Description of problem: We patched our OpenShift Dedicated clusters for StackGuard. Since this was a kernel + glibc update, all nodes and masters were rebooted in series. All services should have remained available during the reboots, however after the reboots it appears custom rolebindings are missing. Version-Release number of selected component (if applicable): 3.4.1.18-1.git.0.0f9d380.el7 How reproducible: two clusters so far Steps to Reproduce: 1. Apply RHSA-2017:1481, RHSA-2017:1484; reboot all hosts in series 2. Create application from template Actual results: esb-template-nodejs Service Warning CreatingLoadBalancerFailed {service-controller } Error creating load balancer (will retry): Failed to create load balancer for service esb-templates-sit/esb-template-nodejs: error describing subnets: error listing AWS subnets: UnauthorizedOperation: You are not authorized to perform this operation. Expected results: Operations that worked prior to reboot should continue to work. Additional info:
The openshift apiserver does not modify rolebindings as part of startup if any such resources already exist. If the cluster is large enough, you may be waiting for the authorization cache to re-prime. Could you check to see if the rolebinding in question (and its role) still exists?
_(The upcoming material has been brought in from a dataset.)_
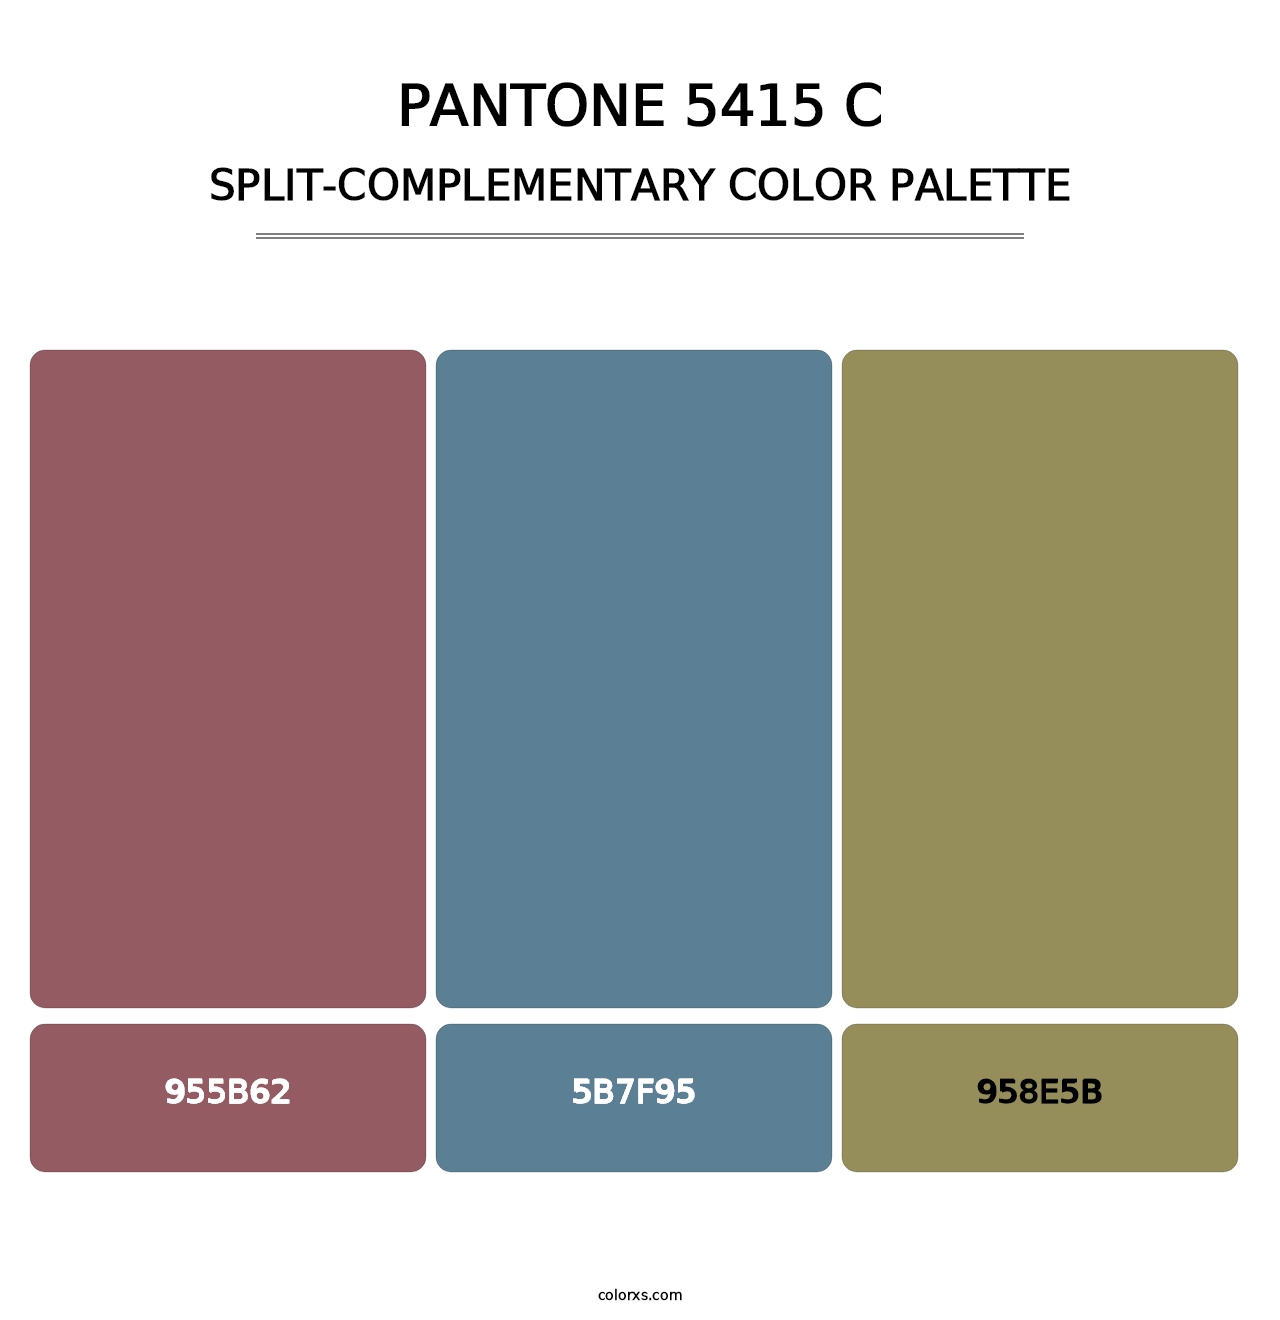 PANTONE 5415 C - Split-Complementary Color Palette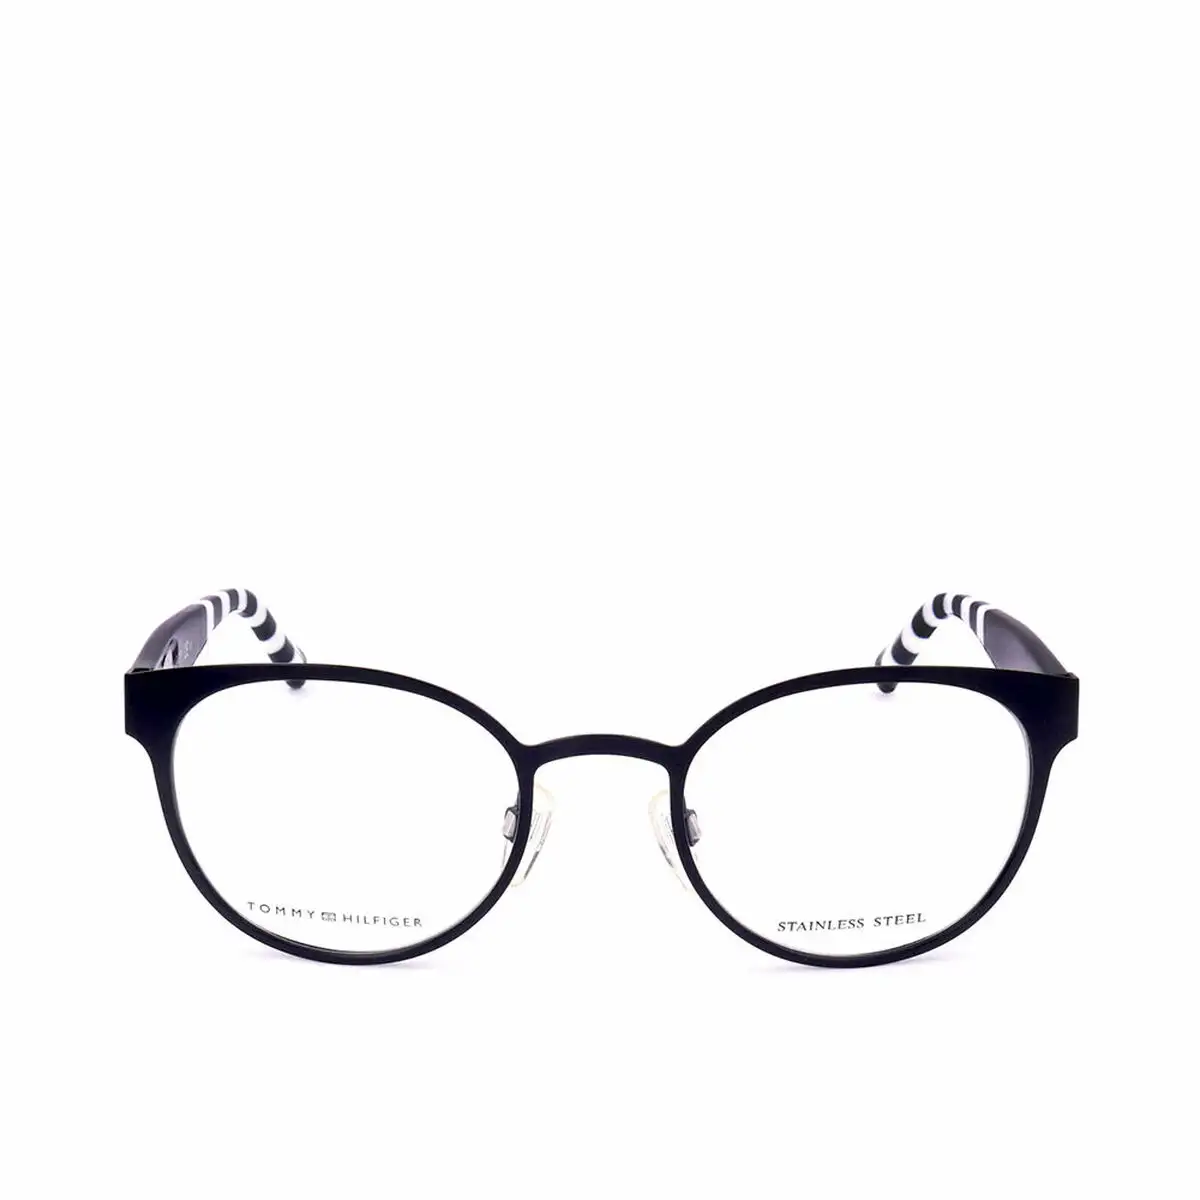 Monture de lunettes tommy hilfiger th pjp o 49 mm_4980. Bienvenue sur DIAYTAR SENEGAL - Votre Source de Trouvailles Uniques. Explorez nos rayons virtuels pour dénicher des trésors que vous ne trouverez nulle part ailleurs, allant des trésors artisanaux aux articles tendance.

Can you provide the commands used to create the custom bindings, and the following info about them: 1. were they rolebindings or clusterrolebindings? if rolebindings, in what namespace and to what role? 2. what command/manifest was used to create the binding? 3. can you provide the output of the following from the current cluster: oc get clusterpolicy/default -o yaml oc get clusterpolicybinding/:default -o yaml and if the missing binding was a rolebinding: oc get policy/default -o yaml -n <binding-namespace> oc get policybinding/:default -o yaml -n <binding-namespace> are there any role-related commands run as part of a shutdown or bring-up script?
At this point we have been unable to reproduce the problem and do not have adequate data to make further progress. I apologize but am closing this bug as UNSUFFICIENT_DATA since we will be unable to resolve the issue.